01_Walmart_Null_Values_Handling_Overall

πŸ›’ Walmart Null Value Handling - Full Project Journal

Handling Null Values in Different Columns

Objective :

This is a realistic Walmart sales dataset. In this project, I aim to handle the missing (null) values using practical, real-world logic based on the type and context of each column.

Part 1:

PART - 1

Import the librarys and Dataset :

import numpy as np
import pandas as pd
import matplotlib.pyplot as plt
import seaborn as sns
df = pd.read_csv(r"D:\B_Data_Anlysist_Project\Python_Projects\01_Handling_Null_Value\walmart_sales_with_nulls_value_dataset.csv")
df.head()
df.shape
df.info()
df.isnull().sum()

Dataset Analysis :

The dataset contains 10 columns and 100 rows. Based on the data types and usage, I’ve categorized the columns into 4 types:

PART - 2

1 - Handling the Identifiers columns :

df_copy = pd.DataFrame(df)
df_copy.head()

1 - Handling the Order ID column :

df_copy["Order ID"].info()
df_copy["Order ID"].isnull().sum()
df_copy[df_copy["Order ID"].isnull()]
df_copy["Order ID"] = df_copy["Order ID"].fillna("Unknown")
df_copy[df_copy["Order ID"] == "Unknown"]

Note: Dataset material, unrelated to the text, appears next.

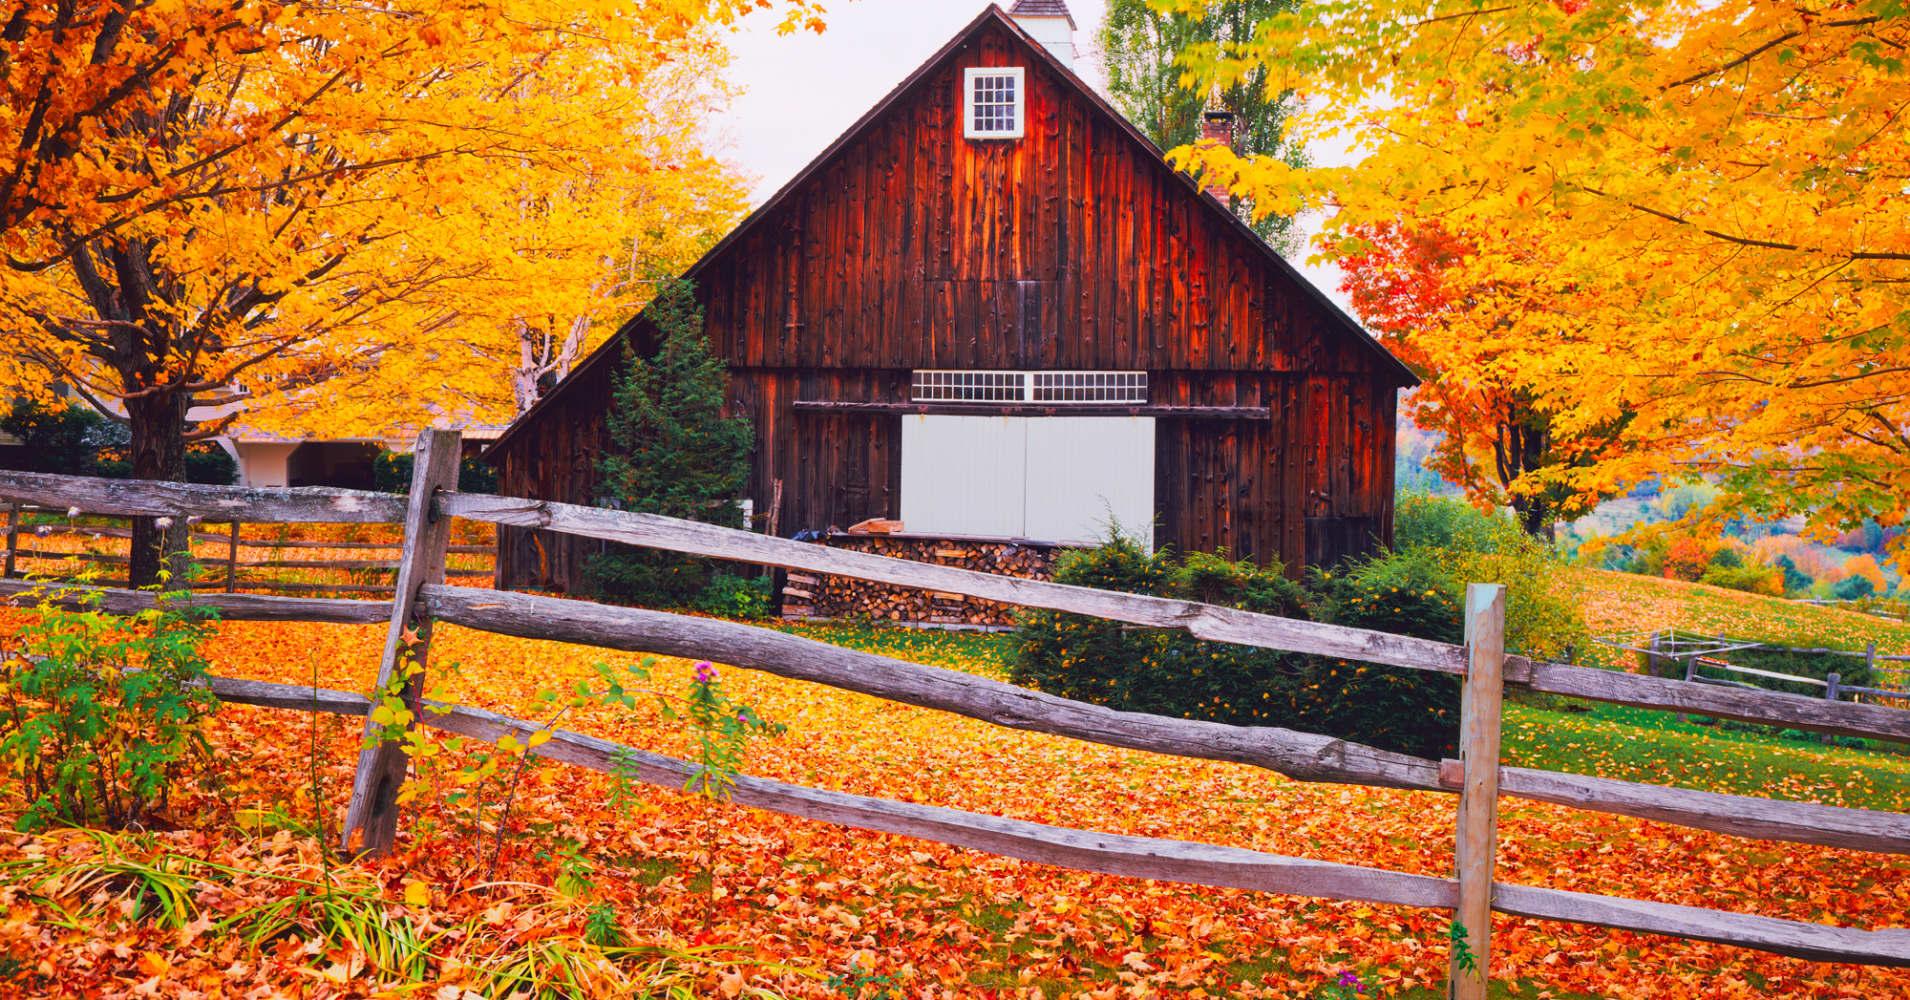 Autumn scene in Vermont.

Order ID column Analysis :

Step - 1 :

I am looking for any same order id is there in the column. All 93 order are having a unique id.

Step - 2 :

Placing every order create unique Order ID. So, there is no possible to relate with any columns to fill the relative data for the missing value.

Conclusion :

Since the Order IDs are unique and there’s no meaningful logic to derive the missing values from other columns, I have filled the null values with the placeholder "Unknown" to retain row integrity without creating misleading data.
df_copy["Order ID"].info()

2 - Handling the Customer ID column :

df_copy["Customer ID"].nunique()
df_copy["Customer ID"].info()
df_copy[df_copy["Customer ID"].isnull()]
df_copy["Customer ID"] = df_copy["Customer ID"].fillna("Unknown")
df_copy[df_copy["Customer ID"] == "Unknown"]

Customer ID column Analysis :

Step - 1 :

Checked for duplicate or repeated customer IDs to see if any customers placed multiple orders.
Result: All 94 customer IDs are unique.

Conclusion :

Since each customer is unique, there is no way to infer the missing values from other rows or columns. Therefore, I filled the null values with the placeholder "Unknown" to retain row integrity without creating misleading assumptions.
df_copy["Customer ID"].info()

3 - Handling the Customer Name column :

df_copy["Customer Name"].nunique()
df_copy["Customer Name"].info()
df_copy[df_copy["Customer Name"].isnull()]
df_copy["Customer Name"] = df_copy["Customer Name"].fillna("Unknown")
df_copy[df_copy["Customer Name"] == "Unknown"]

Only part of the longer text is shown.